Tuesday 3 July 2012

Wisdom of the 80s

I'm reading - for work purposes, naturally - Alan Plater's 1985-1992 jazz-inflected Beiderbecke trilogy, novels adapted from the comedy-drama series he wrote, starring (as appeared to be compulsory), James Bolam.



It's got some decent plotting, sharp characterisation and a good pace, but it's undercut by the addiction to one-liners at the expense of any plot or character development.

Mind you, pretty much every one-liner is very funny indeed. Try these:
You think I don't know what a thesis is. Well I do. I've got a daughter at a polytechnic and she's doing one. Great fat bundle of words about sod all. 

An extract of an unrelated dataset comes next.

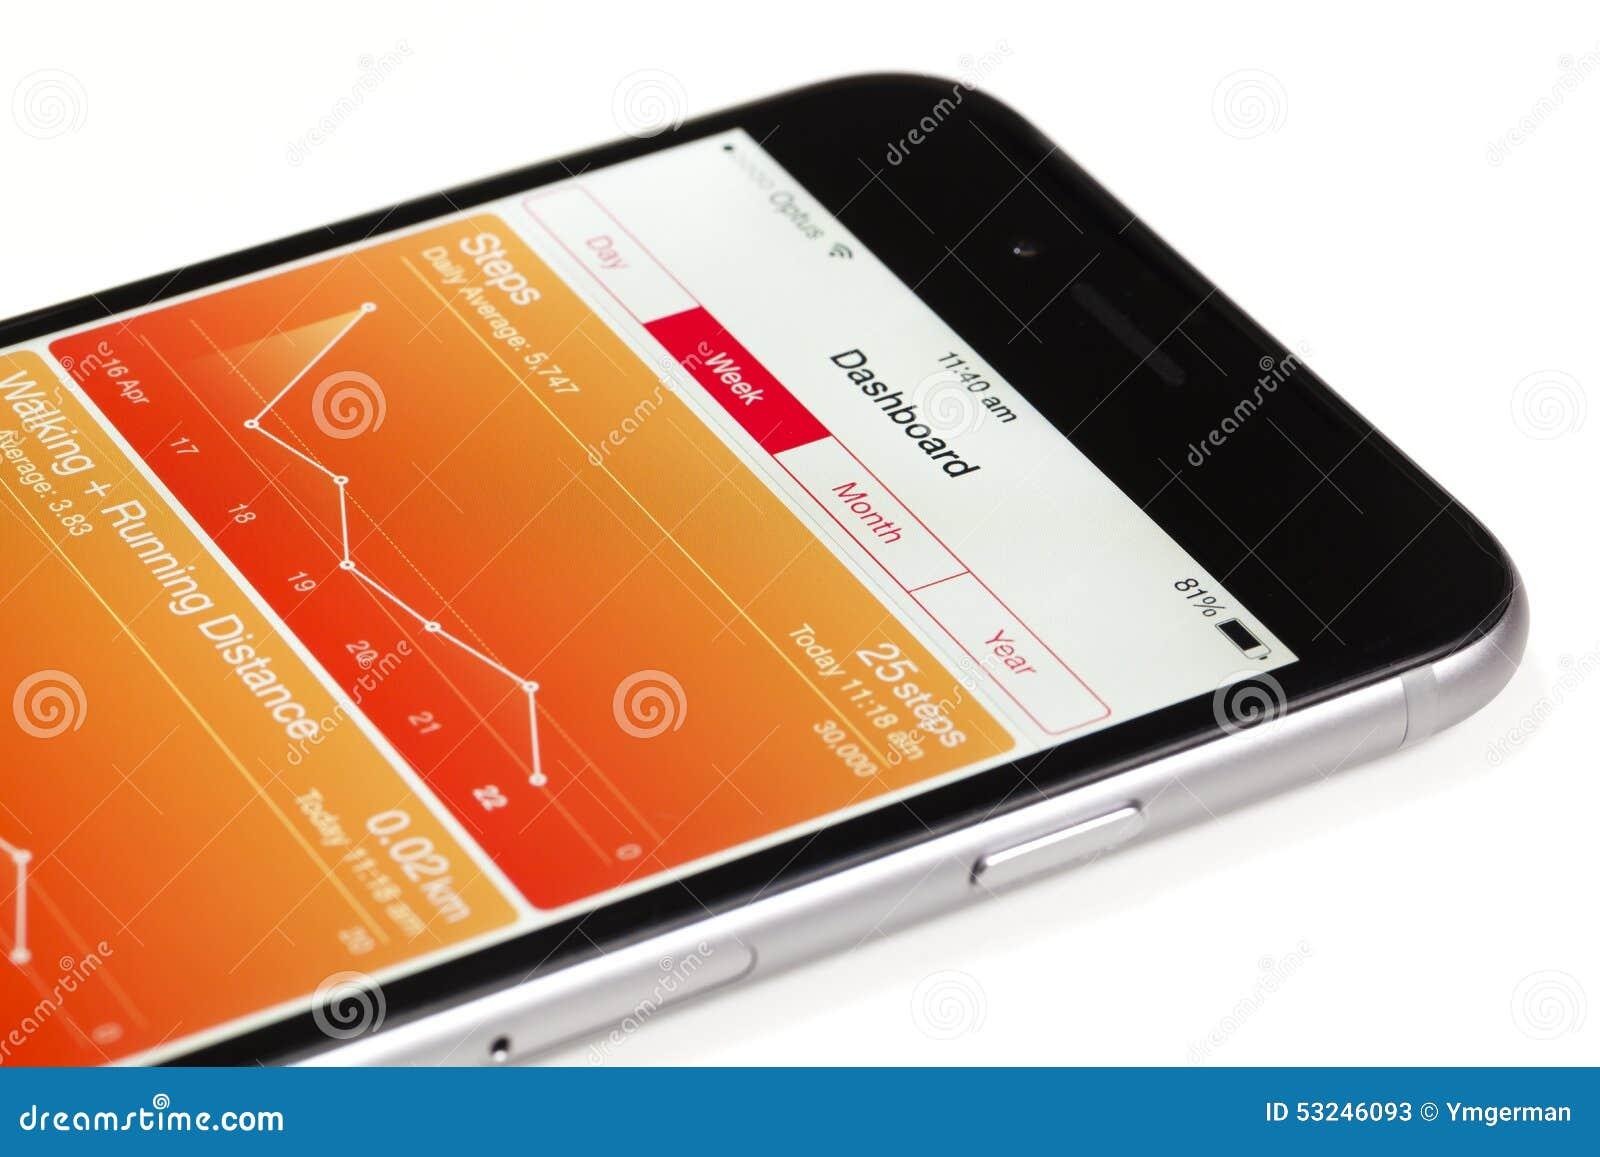 Date app in Melbourne

On class distinctions, mealtimes are a battleground - which reminds me of my existential doubt when the plumber's 'dinnertime' visit turned out to be lunchtime… a day late of course, and of the notorious 'country suppers' and 'kitchen suppers' so beloved of the Tories and the Chipping Norton set:
In Trevor's world there were three fixed meals and one optional: breakfast, dinner, tea and fish-and-chips or chicken vindaloo if you'd been to the pub. In Jill's world these became breakfast, lunch and a floater that was sometimes dinner, sometimes supper. An element called afternoon tea occasionally sneaked in under the fence.
My favourite character is Sylvia, named after the good Pankhurst and a veteran of the Spanish Civil War:
Her view of the world was clear-cut. People were marvellous and politicians were shit. Asked for evidence she would say: read a history book. 
There's also a bit that rather presciently summarises my awful MP Paul Uppal's theory of regeneration:
     In the early 1960s, property developers and financiers prowled the North of England, brandishing bags of gold before the eyes of councils, great and small, making an offer that few could refuse: allow us to demolish your town centre, your much-loved but obsolescent market halls and High Streets, your ancient tea-houses and variety theatres, your bakeries and butcheries, your tie shops and pie shops, and we will give you in return mighty skyscrapers and crystal palaces, precincts and parking lots and a nominal mural or piece of sculpture and the people will rise in their thousands and cry: verily, this is the Athens of the North.
     The gold changed hands, the old towns were demolished and stiller there was only one Athens in the world, where it had always been, in Greece. The North of England was left with an abundance of office blocks, unwanted, unloved, unused.